[Collected data — start]
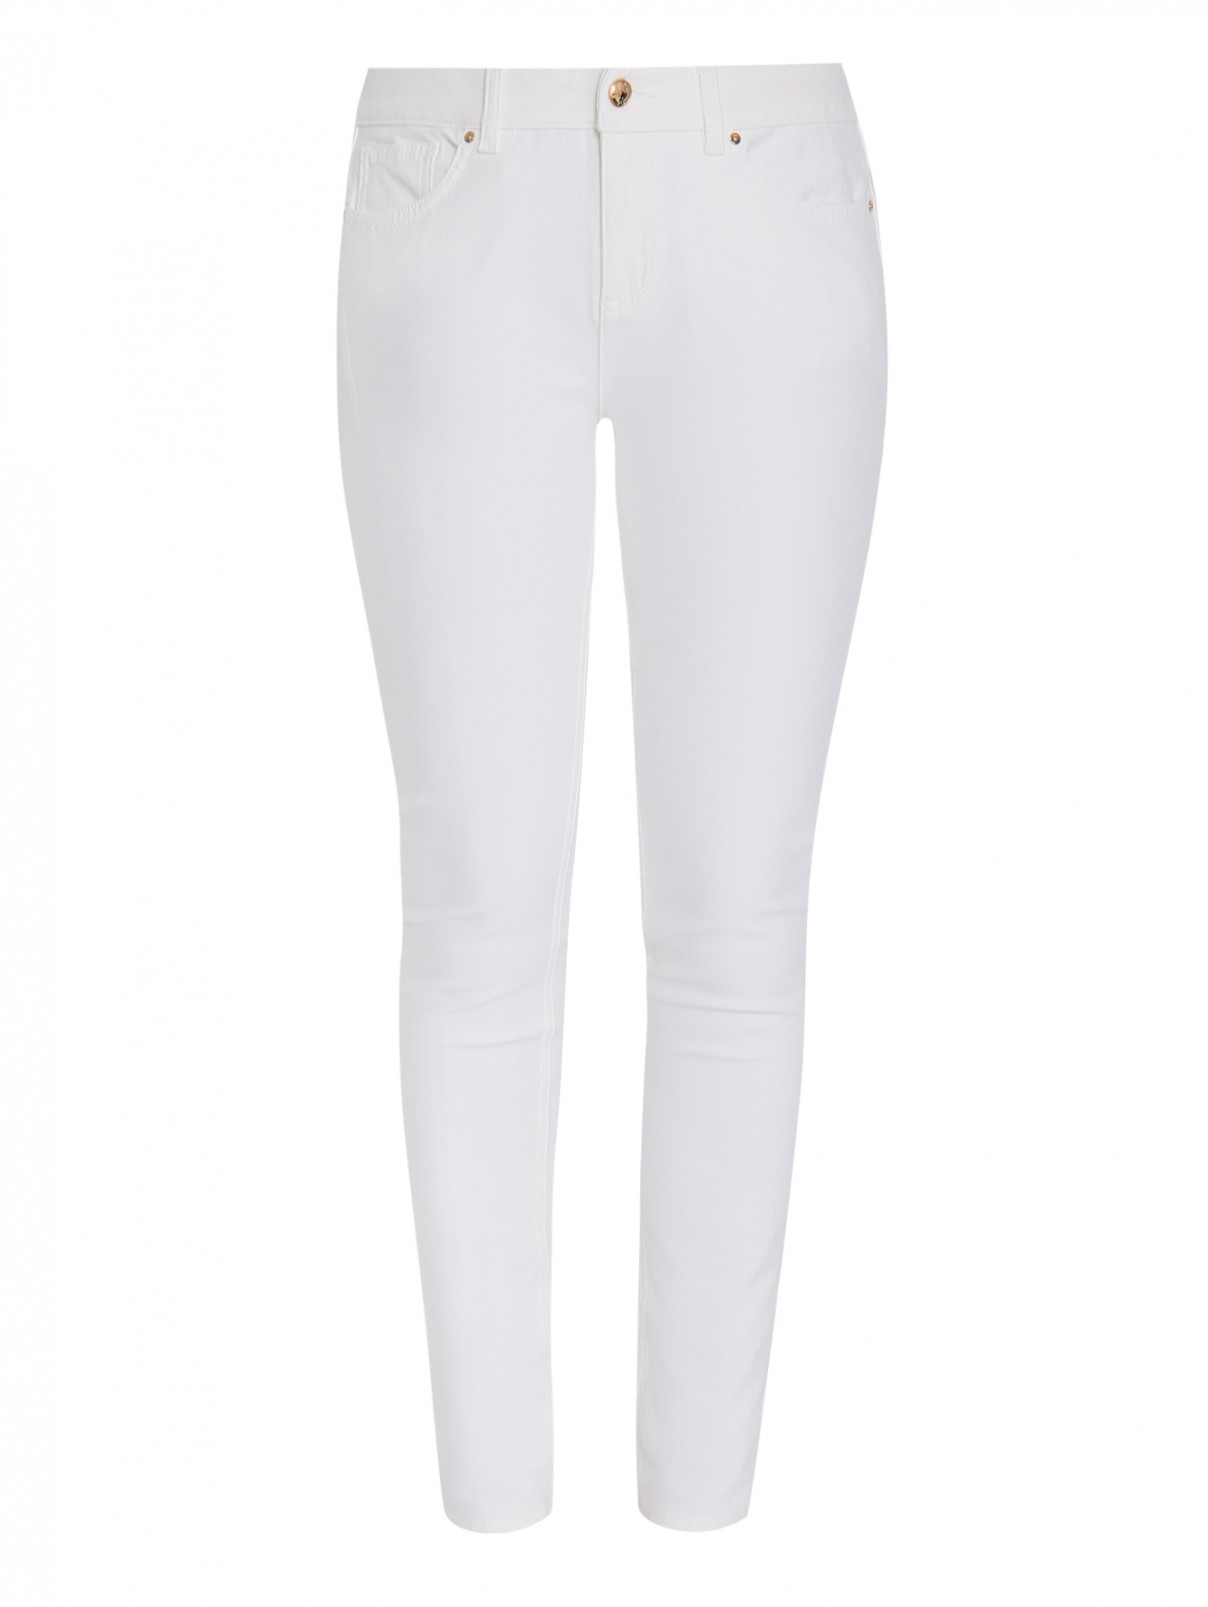 Узкие джинсы из плотного эластичного денима Ashley Graham x Marina Rinaldi  –  Общий вид  – Цвет:  Белый
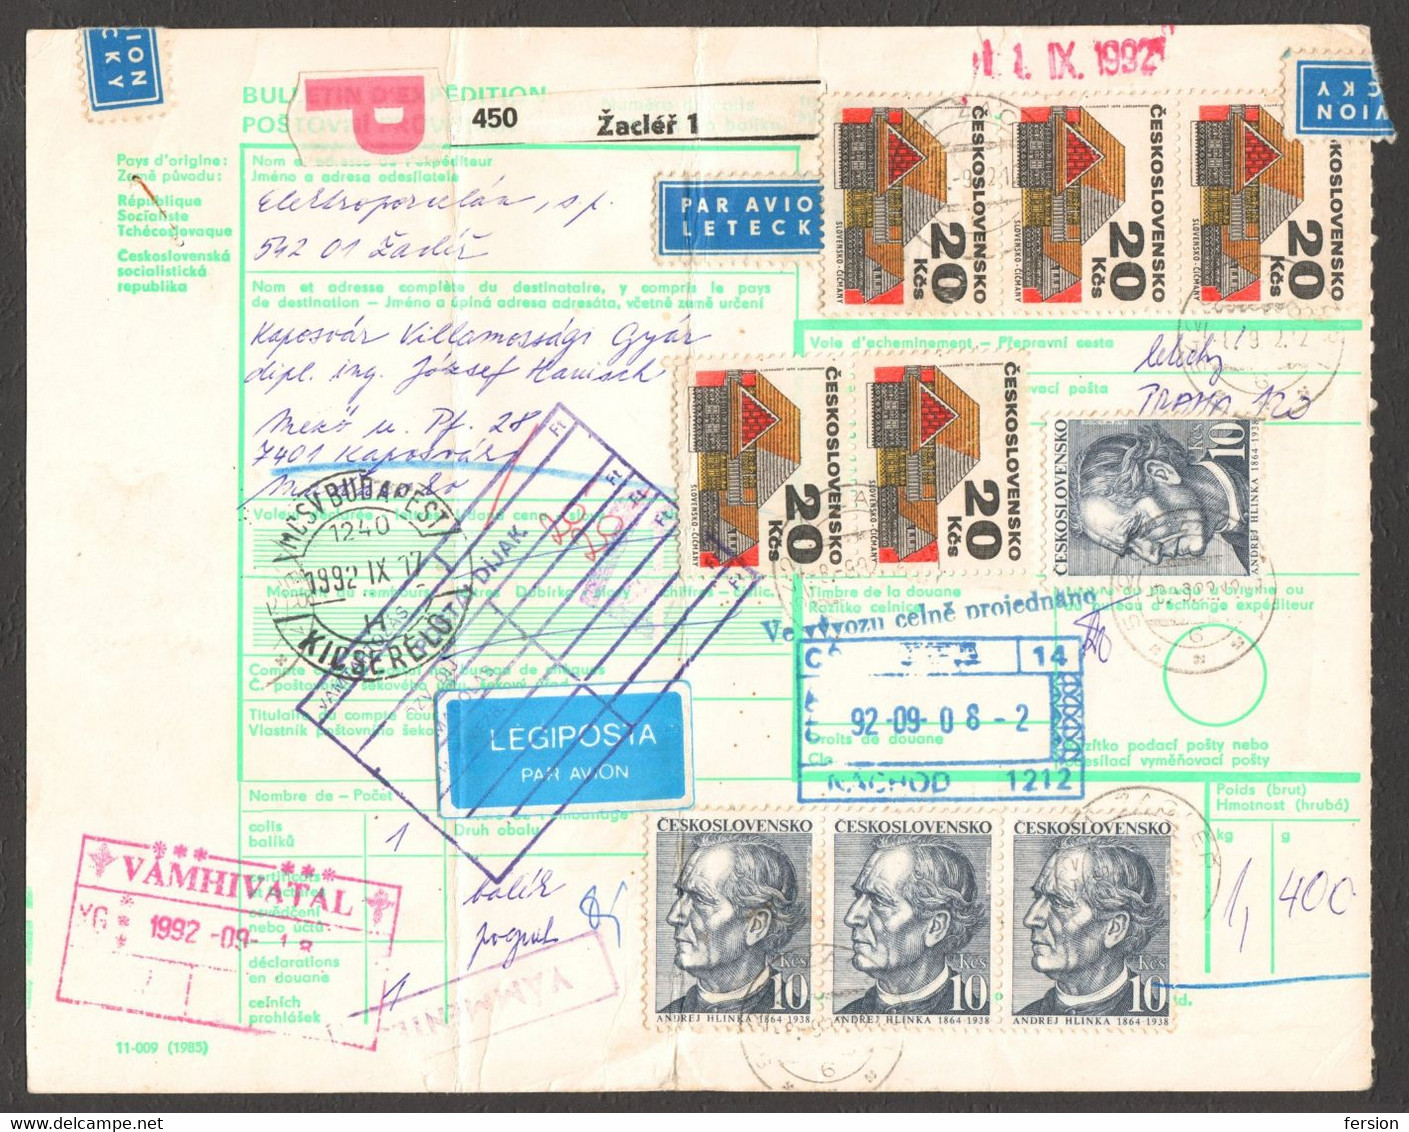 Bulletin D'expédition Parcel Packet Despatch FORM Czechoslovakia Hungary CUSTOMS Postmark AIR MAIL LABEL VIGNETTE 1992 - Non Classificati
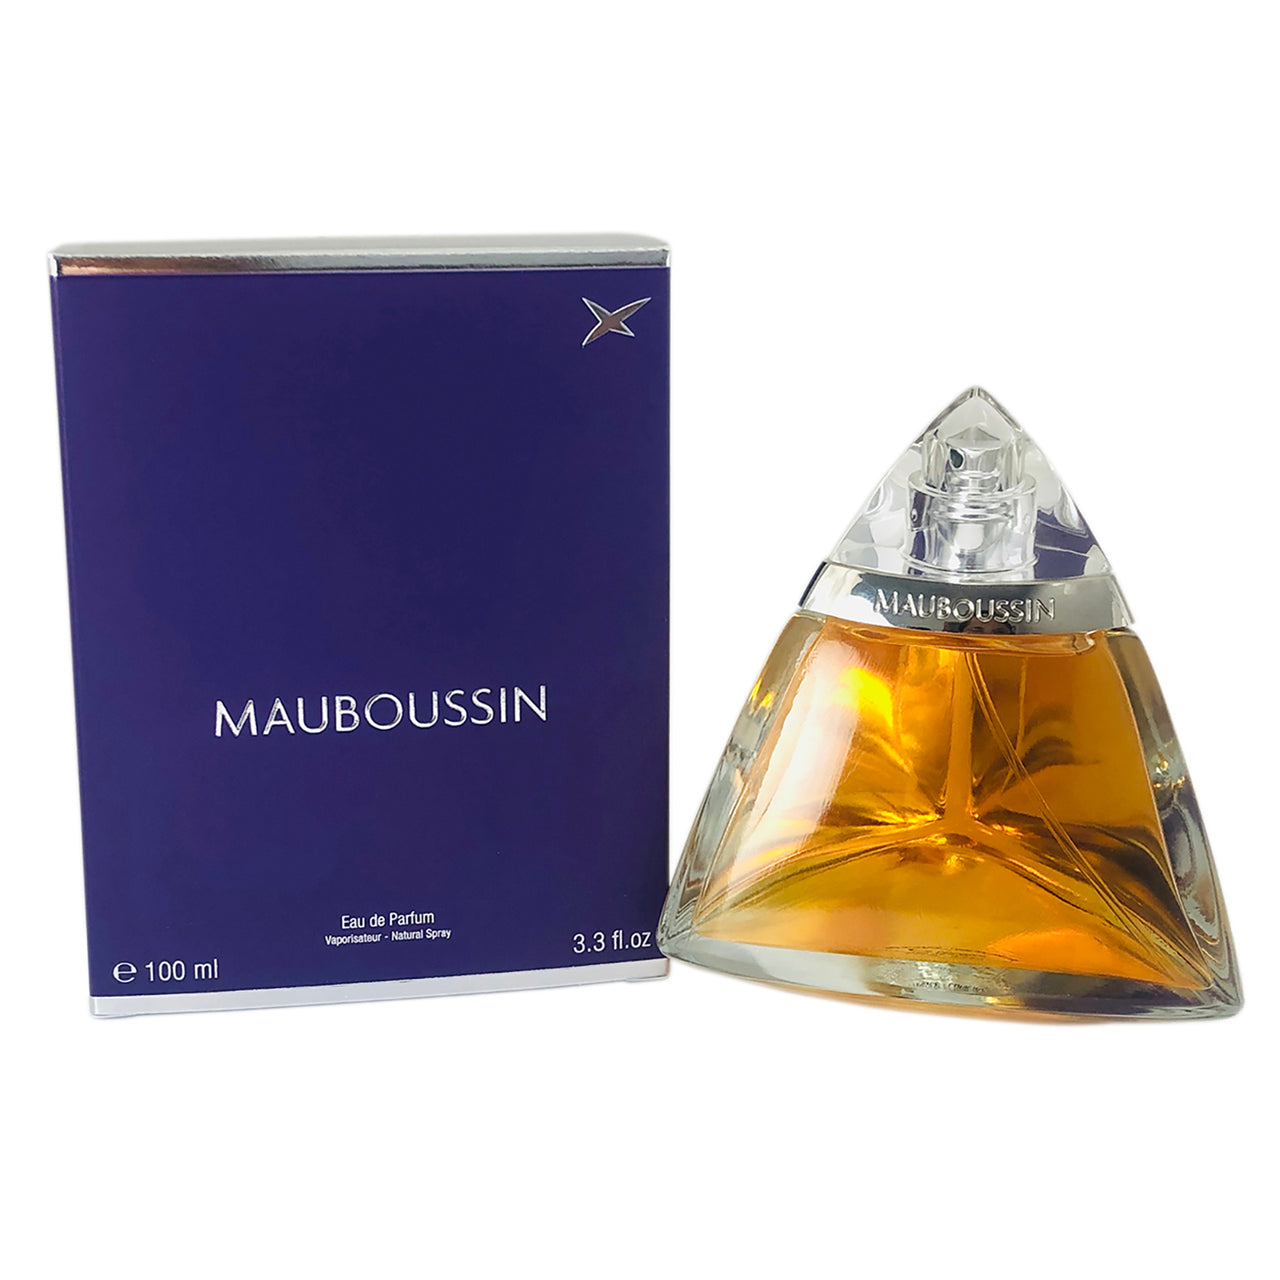 Mauboussin for Women by Mauboussin 3.3 oz Eau de Parfum Natural Spray
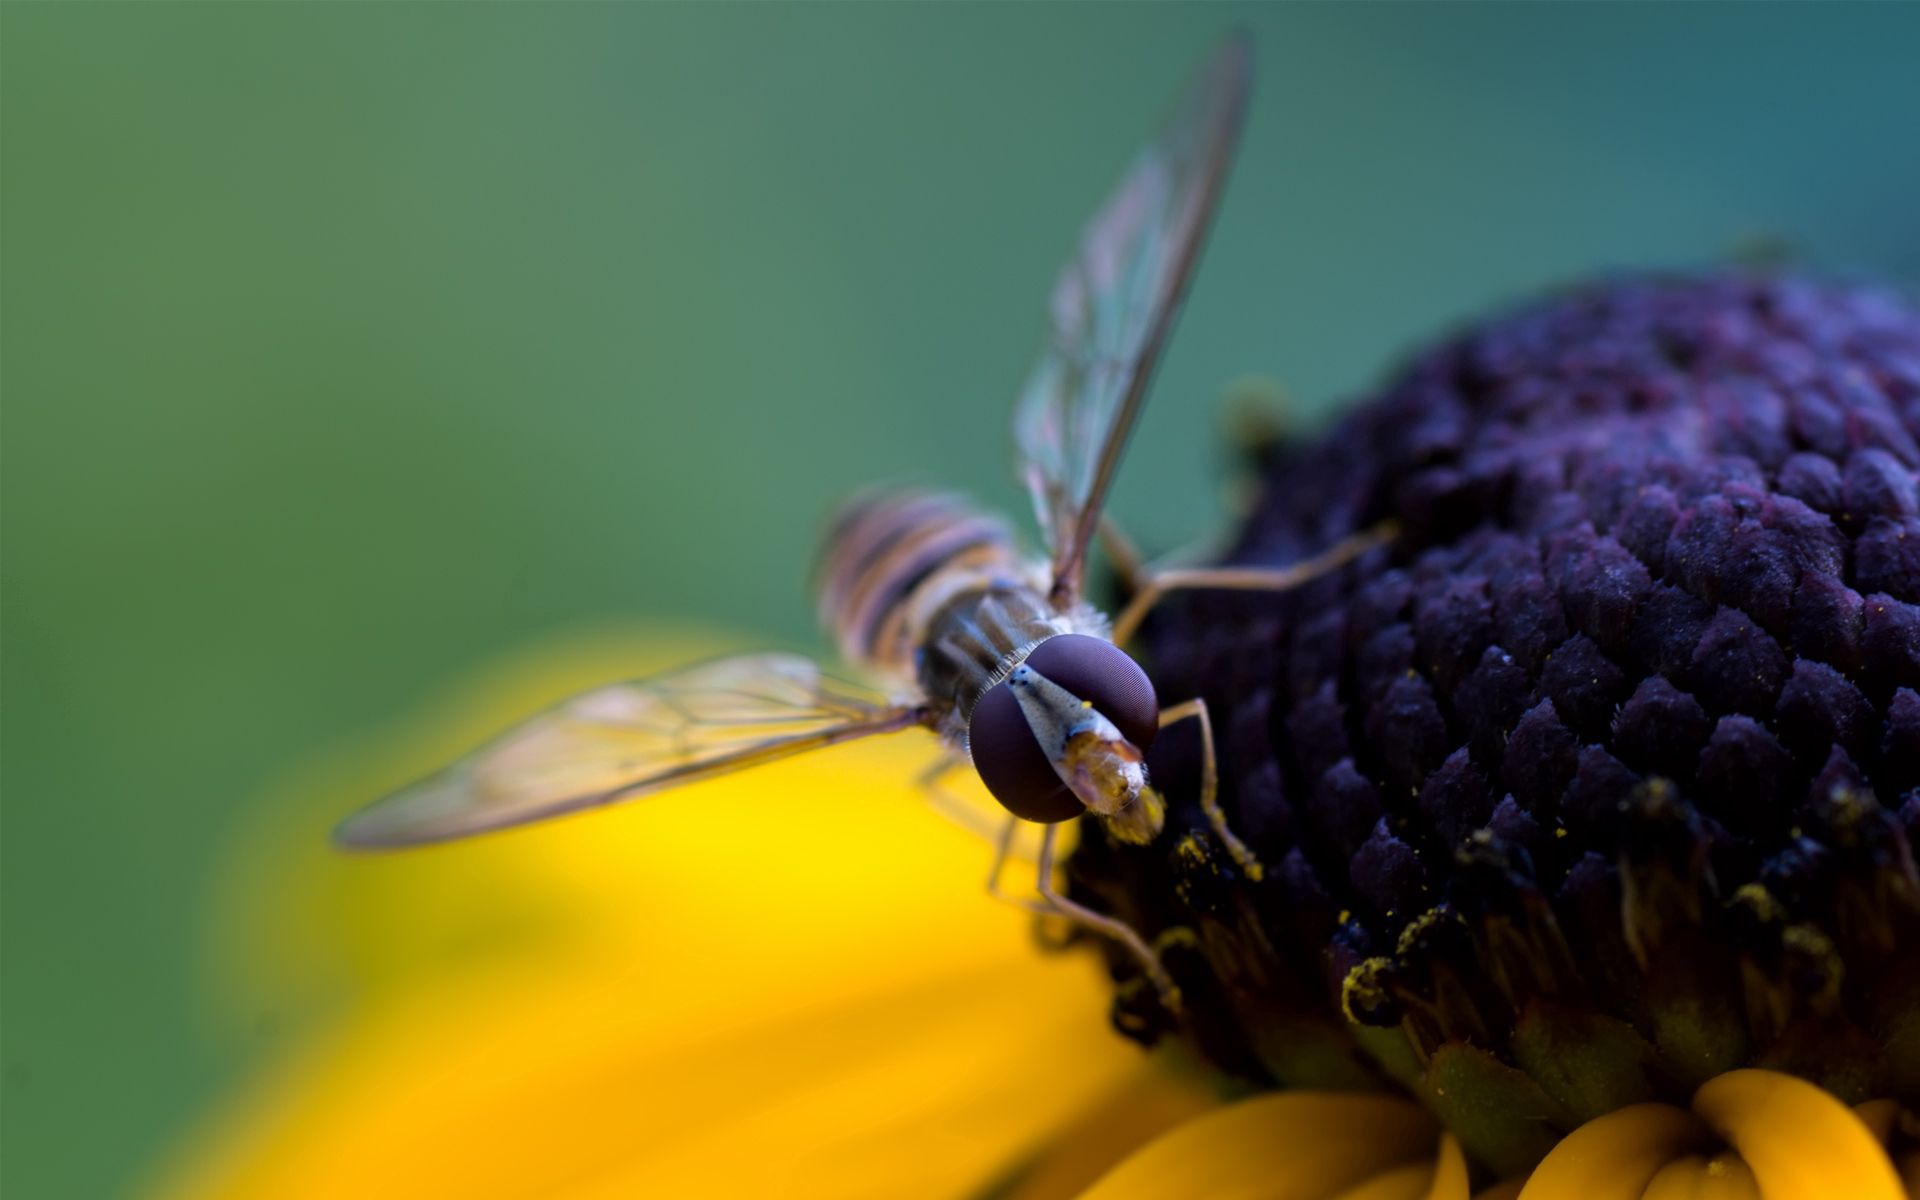 Скачать обои бесплатно Опыление, Лепестки, Пчела, Макро, Цветок картинка на рабочий стол ПК
[Collected data — finish]
▸ Task: Only the lines from the line with "Bulletin D'expédition Parcel" to the bottom of the material above should be reproduced, exactly and without pictures.

▸ Task solution:
 Bulletin D'expédition Parcel Packet Despatch FORM Czechoslovakia Hungary CUSTOMS Postmark AIR MAIL LABEL VIGNETTE 1992 - Non Classificati
 Mauboussin for Women by Mauboussin 3.3 oz Eau de Parfum Natural Spray
 Скачать обои бесплатно Опыление, Лепестки, Пчела, Макро, Цветок картинка на рабочий стол ПК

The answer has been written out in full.